Problem to solve: Throughout the entries below, report every line where "lamp" is found.
*** Records supplied ***
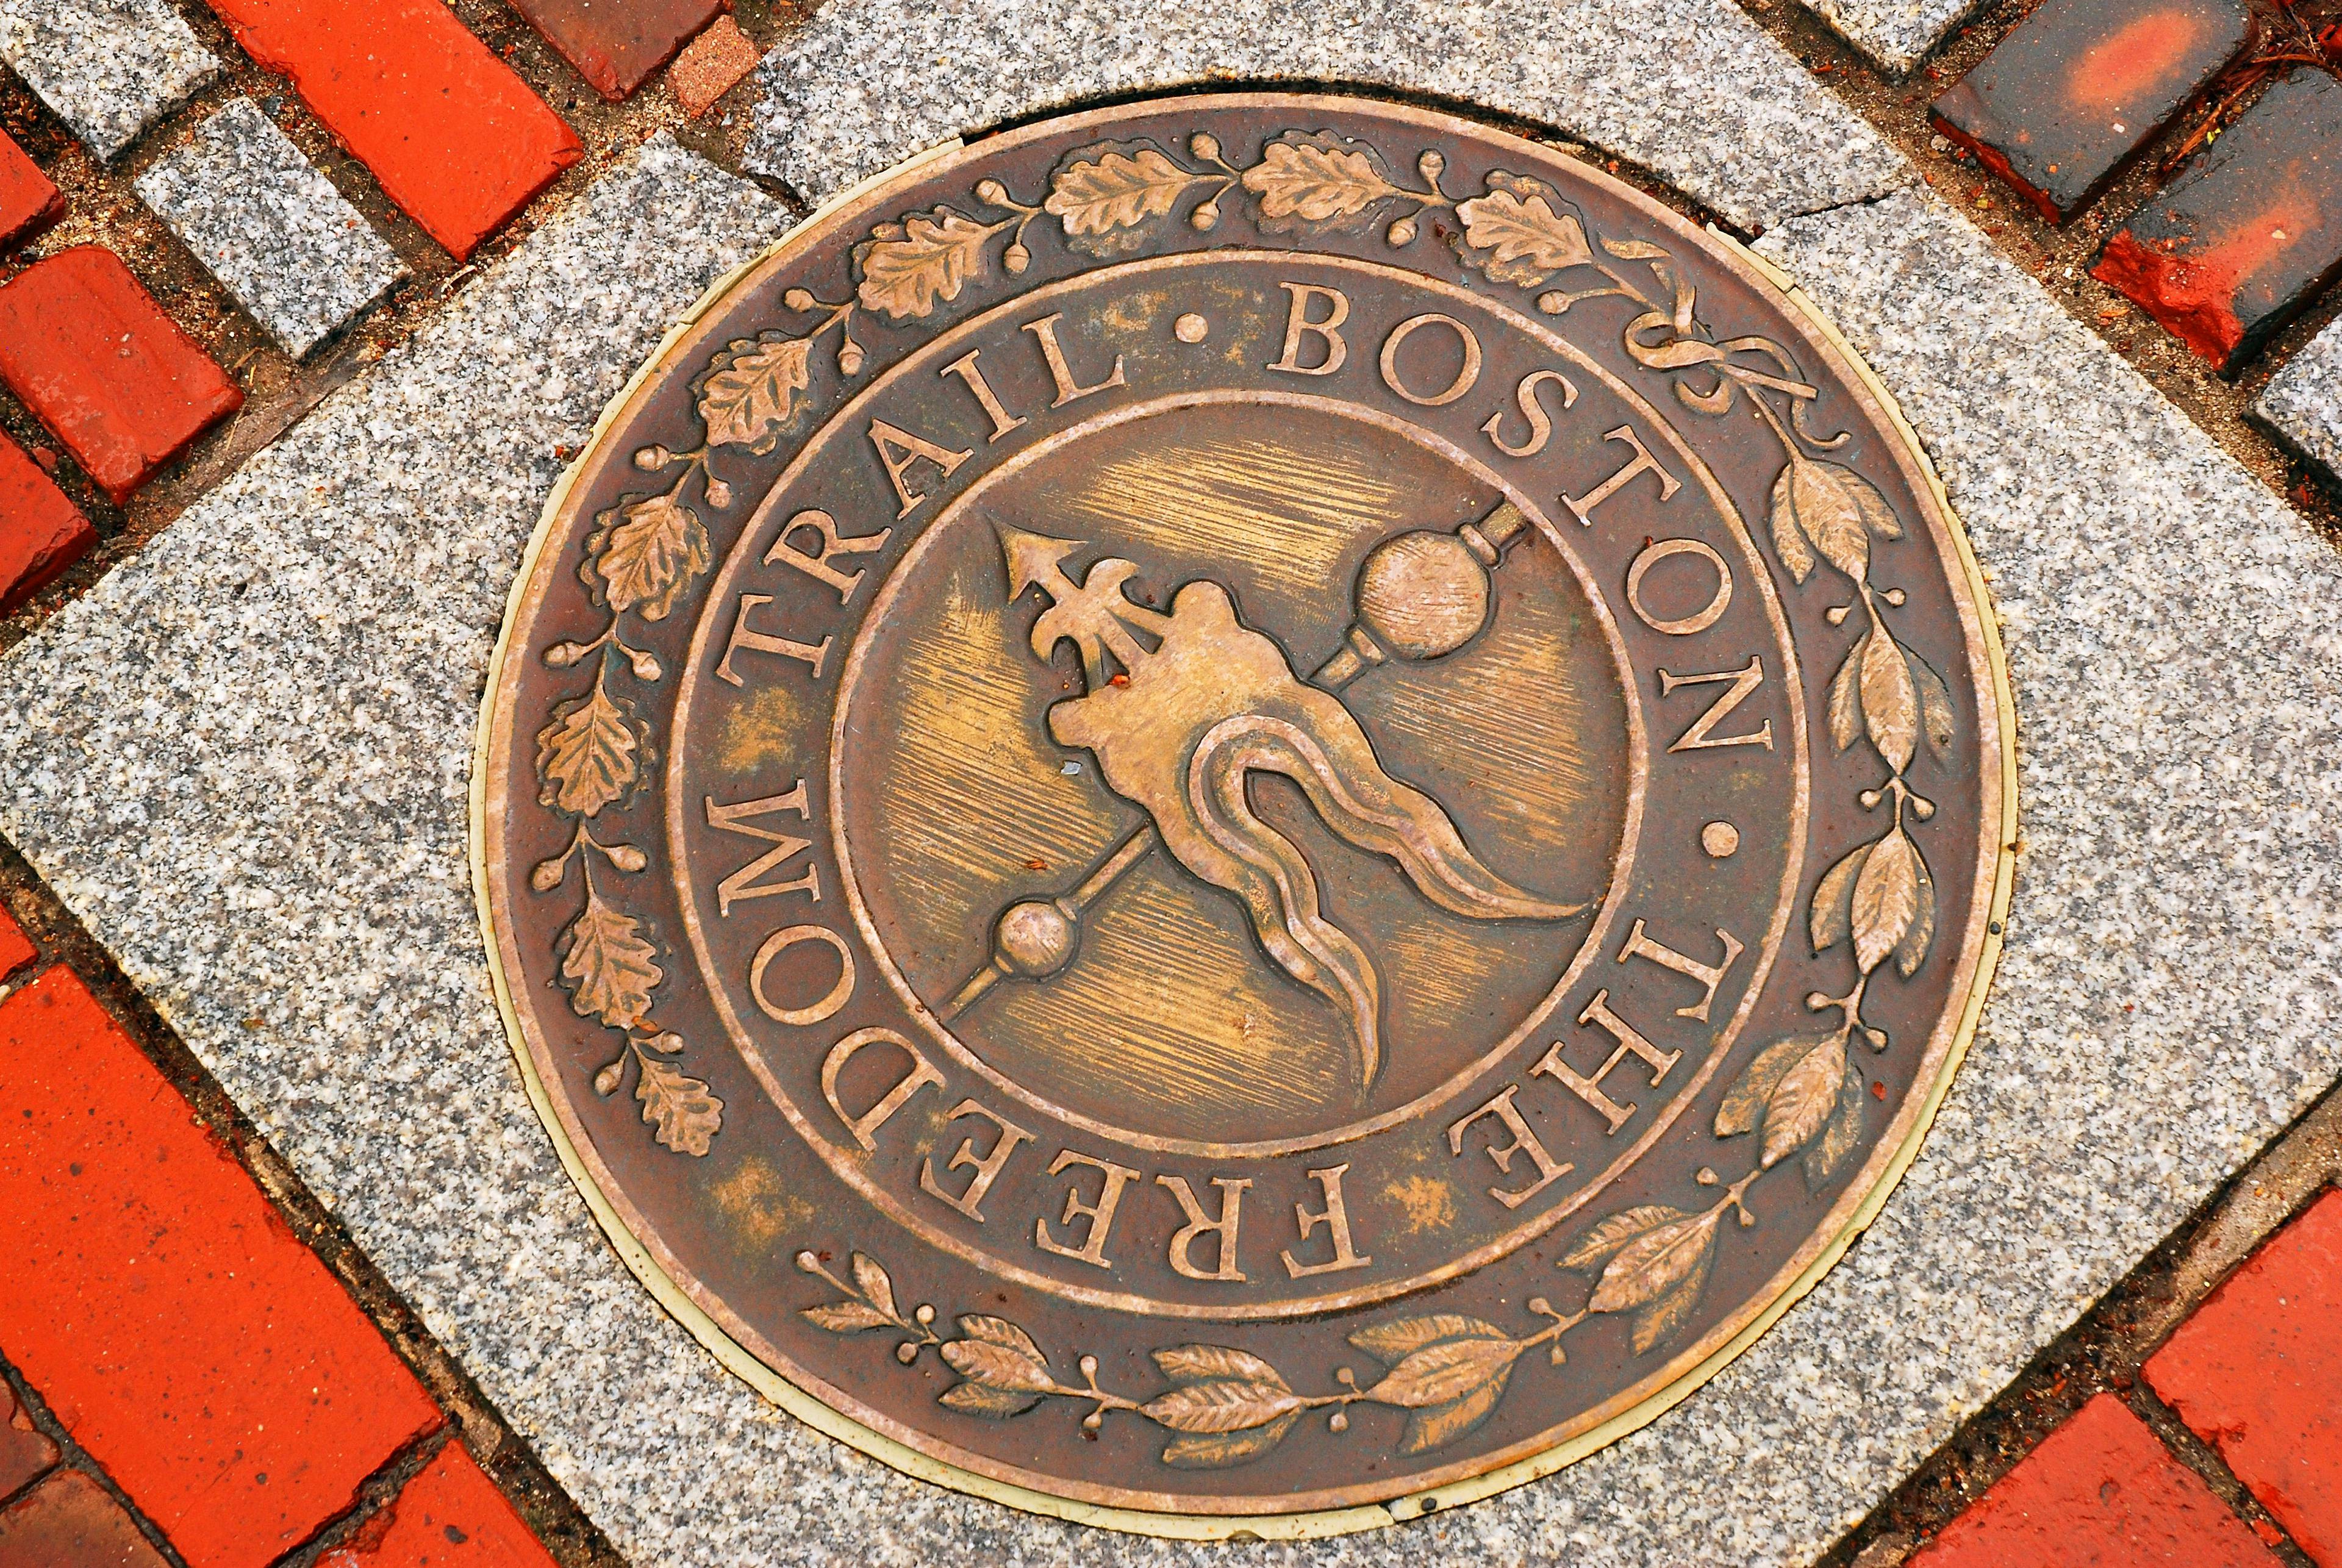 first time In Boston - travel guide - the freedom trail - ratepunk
*** End of Records supplied ***
*** Records supplied ***
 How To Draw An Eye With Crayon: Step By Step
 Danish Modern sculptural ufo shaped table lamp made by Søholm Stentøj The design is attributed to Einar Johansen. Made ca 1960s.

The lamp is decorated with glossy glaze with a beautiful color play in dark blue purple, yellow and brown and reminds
*** End of Records supplied ***
*** Records supplied ***
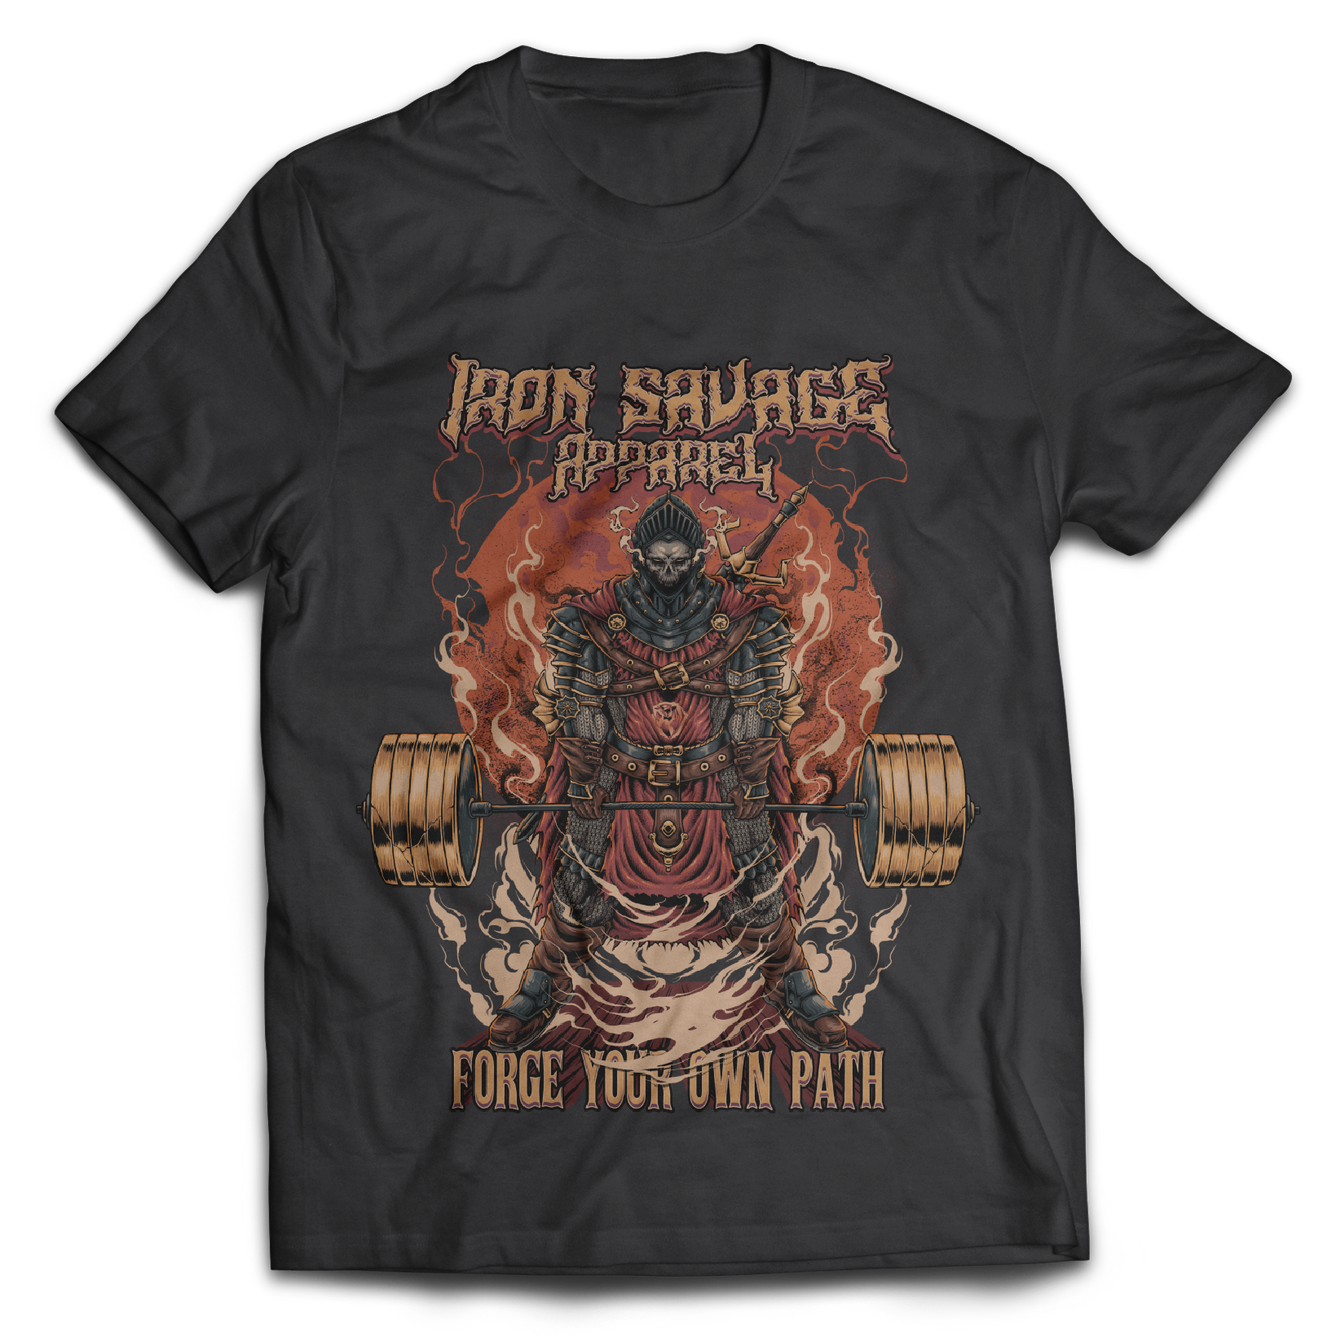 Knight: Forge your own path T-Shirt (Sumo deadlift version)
*** End of Records supplied ***
Answer:
 Danish Modern sculptural ufo shaped table lamp made by Søholm Stentøj The design is attributed to Einar Johansen. Made ca 1960s.
The lamp is decorated with glossy glaze with a beautiful color play in dark blue purple, yellow and brown and reminds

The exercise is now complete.